To conclude, all parties agreed that, under the leases, the lessees were contractually obliged to pay service charges and that the service charges would be used for works that fall to the landlord under the lease. But the contractual position is the starting point only; section 19 overlays this. Section 19 has the effect of modifying the contractual obligation of the lessee so no greater amount than is reasonable is payable.
In this case:
- an effective policy of insurance was in place which covers the majority of repair works
- the landlord agreed to give credit for any sums received from NHBC and
- the amount of insurance contributions wasn’t hypothetical, the sums had been identified.
Accordingly, it wasn’t reasonable for lessees to pay in advance for the entire cost of the remedial works where it was expected that NHBC would make a contribution. A reminder of the protection conferred on lessees by section 19(2).
Variation of leases
Leases can be badly drafted. I’m sure we all have horror stories about the worst we’ve seen.
The Tribunal can help as it has jurisdiction to vary the terms of leases where they fail to make satisfactory provision for certain things (as in Section 35, Landlord and Tenant Act 1987). The grounds on which a Tribunal can intervene include where there’s unsatisfactory provision for:
- the repair and maintenance of the flat, building or land
- the provision or maintenance of any services (which are reasonably necessary to ensure that the occupiers of the flat enjoy a reasonable standard of accommodation)
- the recovery by one party from another of expenditure incurred (or to be incurred)
- the computation of service charge (The classic example of when the percentages don’t add up to 100%)
Unhelpfully, there’s no statutory definition of what’s “unsatisfactory”. However, we know from the recent Upper Tribunal decision in Morath (The Mayor and Burgesses of the London Borough of Camden v Morath UKUT 0193 (LC)) what “satisfactory” means in the context of the recovery by one party to the lease from another of expenditure incurred.
In Morath, the lease permitted the landlord to use service charge monies towards building-related costs but did not permit the monies to be used towards the landlord’s estate-wide costs liabilities. Accordingly, the landlord was suffering a shortfall, whilst the lessee was getting a windfall.
The question for the Upper Tribunal was whether this kind of shortfall is unsatisfactory, so the Tribunal can intervene and vary the terms.

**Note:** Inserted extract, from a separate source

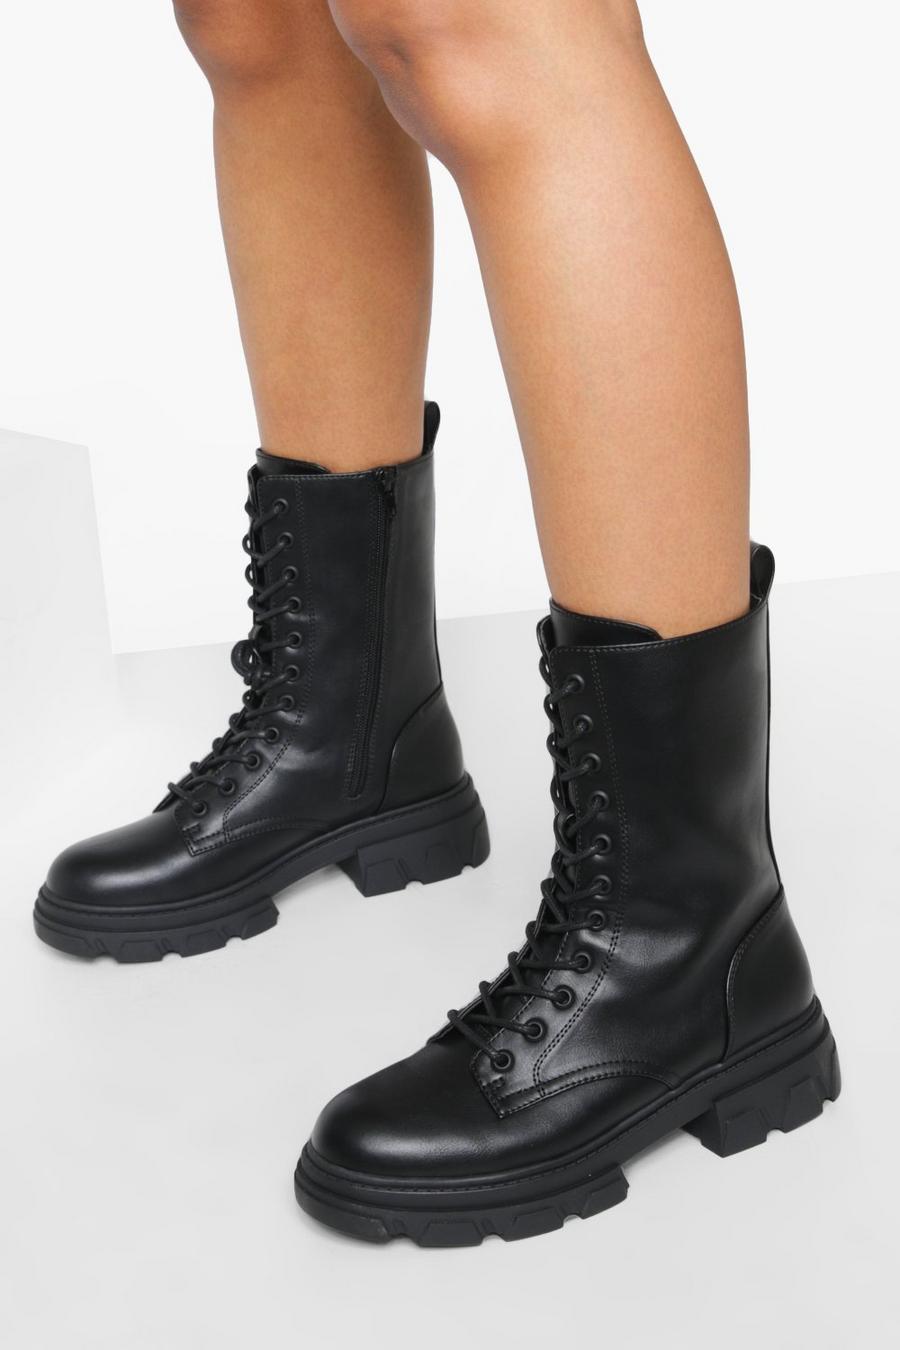 Black noir Chunky Cleated Sole Hiker Boots

It was accepted there was a perceived inequity in the bargain made between the parties (ie in the lease). The Upper Tribunal said:
“…section 35 does not enable the Tribunal to vary a lease on the basis that it imposes unequal burdens, or is expensive or inconvenient”.

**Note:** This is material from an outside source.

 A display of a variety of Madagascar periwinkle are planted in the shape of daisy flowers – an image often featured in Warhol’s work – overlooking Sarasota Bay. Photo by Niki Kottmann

It seems section 35 will not come to the rescue of parties where there’s drafting errors, unless it can be demonstrated the terms are unworkable. In Morath, Camden had not shown the provisions were unworkable, and there’s no suggestion it couldn’t meet its contributions.
Qualifying Long Term Agreements
Since Corvan, QLTAs have been firmly on radar. So it’s unsurprising there’s been a seeming increase in service charge challenges based on agreements being QLTAs. In the summer, the Upper Tribunal reminded us in Ghosh (Ghosh v Hanover Gate Mansions Limited and anr  UKUT 290 (LC)) that a contract comes into effect when performance commences, and not when the goods or services are paid for.

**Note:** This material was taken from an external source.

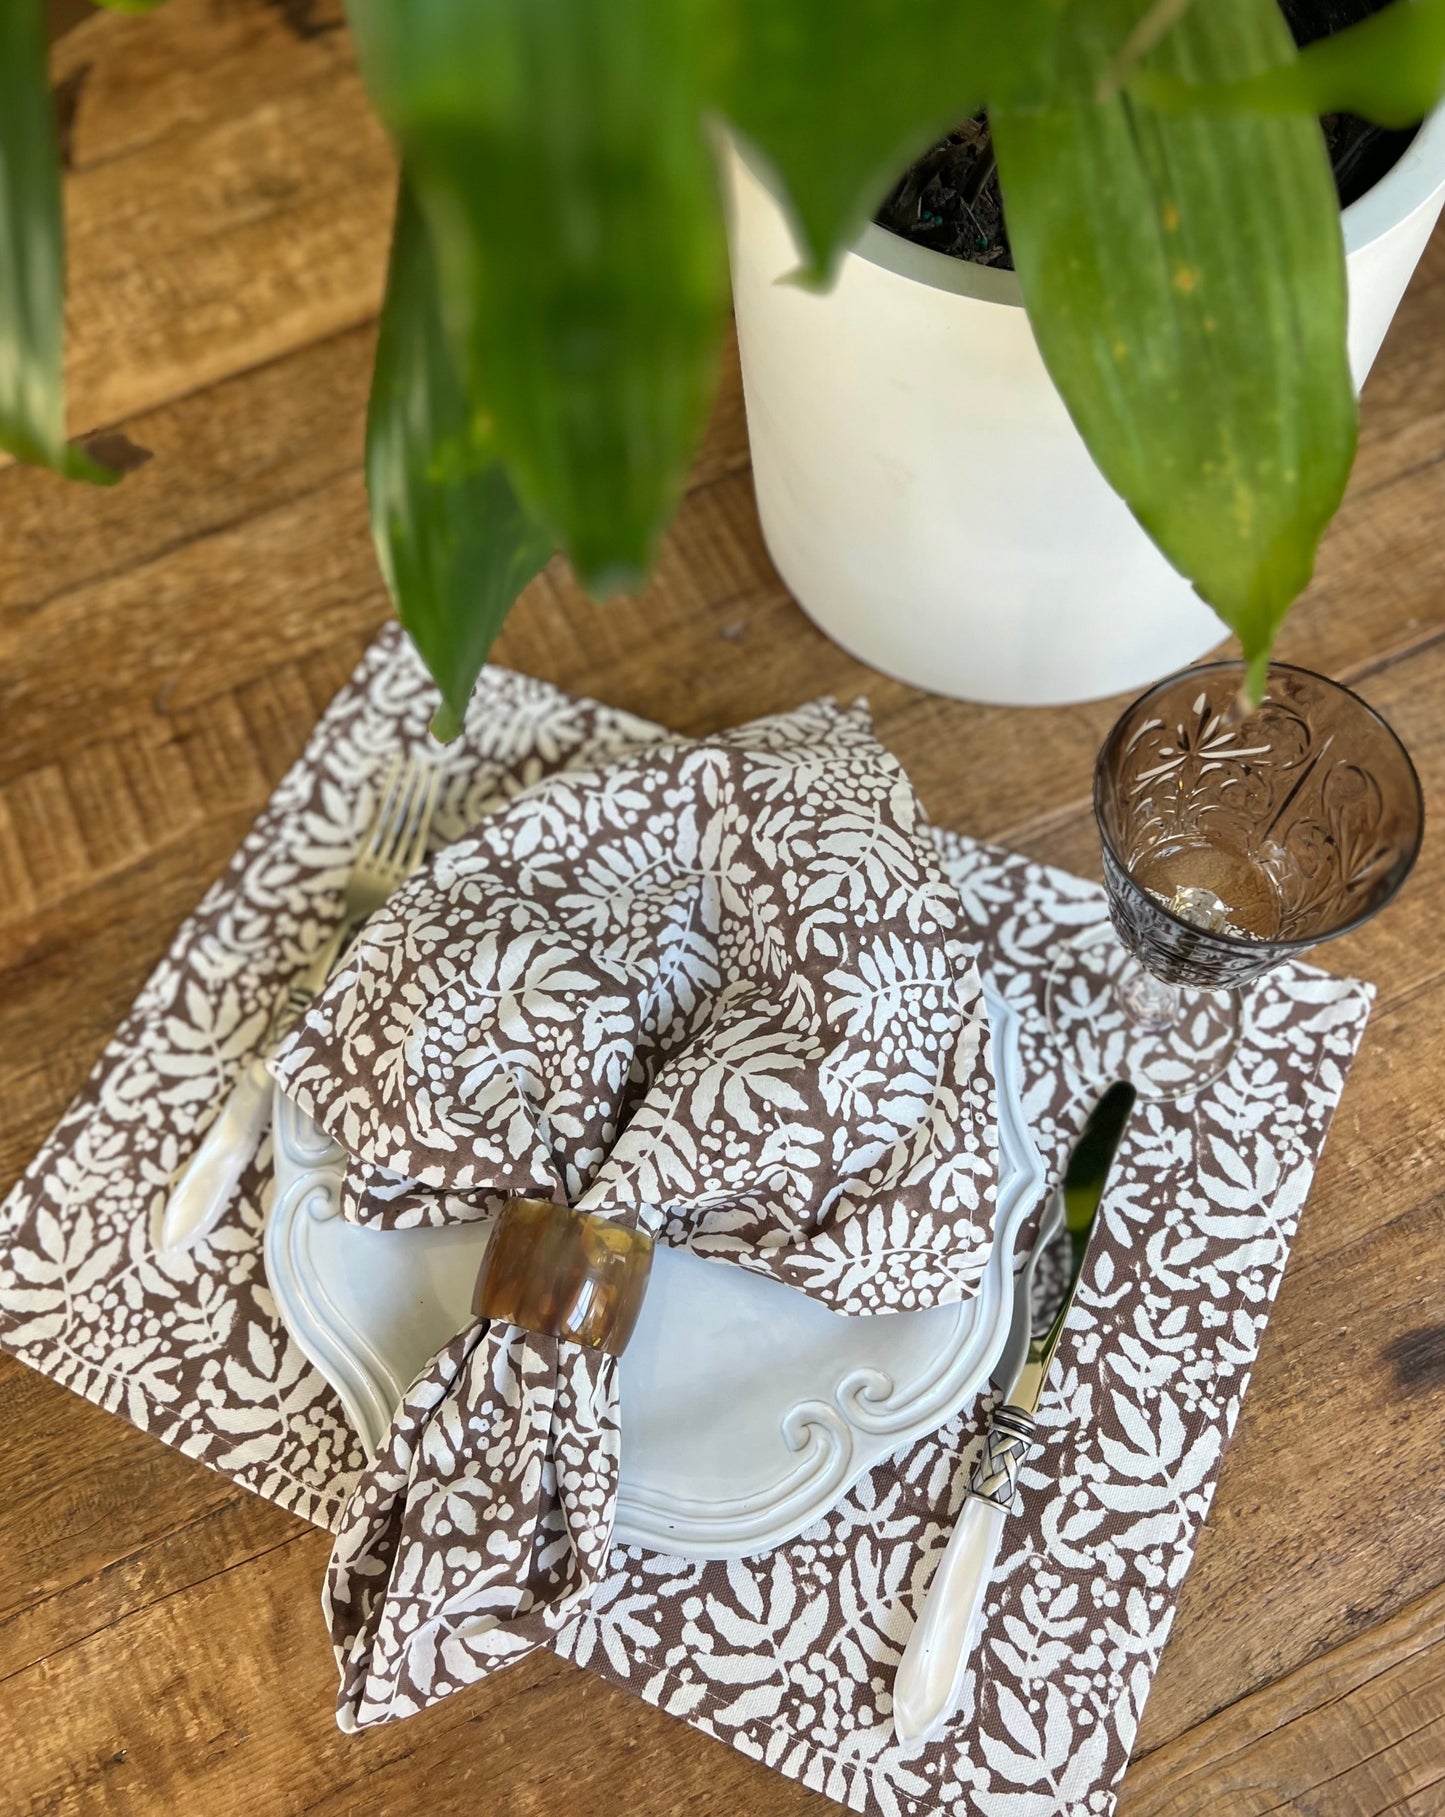 Gathered Garden Placemats in Saddle Brown - Set of 4

As we’re approaching the new year, it’s an opportunity to check the wording of agreements (and not just management agreements) to make sure they aren’t QLTAs.
What’s on the horizon?
In short, quite a lot!
As far as the appeal Courts are concerned, we’re awaiting the decision of the Supreme Court on mutual enforceability covenants. The Court of Appeal in January will consider forfeiture and waiver, and in the early spring the Upper Tribunal will examine section 20B (again).
We’ve got the Law Commission reports on enfranchisement, right to manage and commonhold to look forward to in the new year.
No doubt there’ll be a continued focus on fire safety issues too. So, 2020 is certainly on track to be as busy as 2019!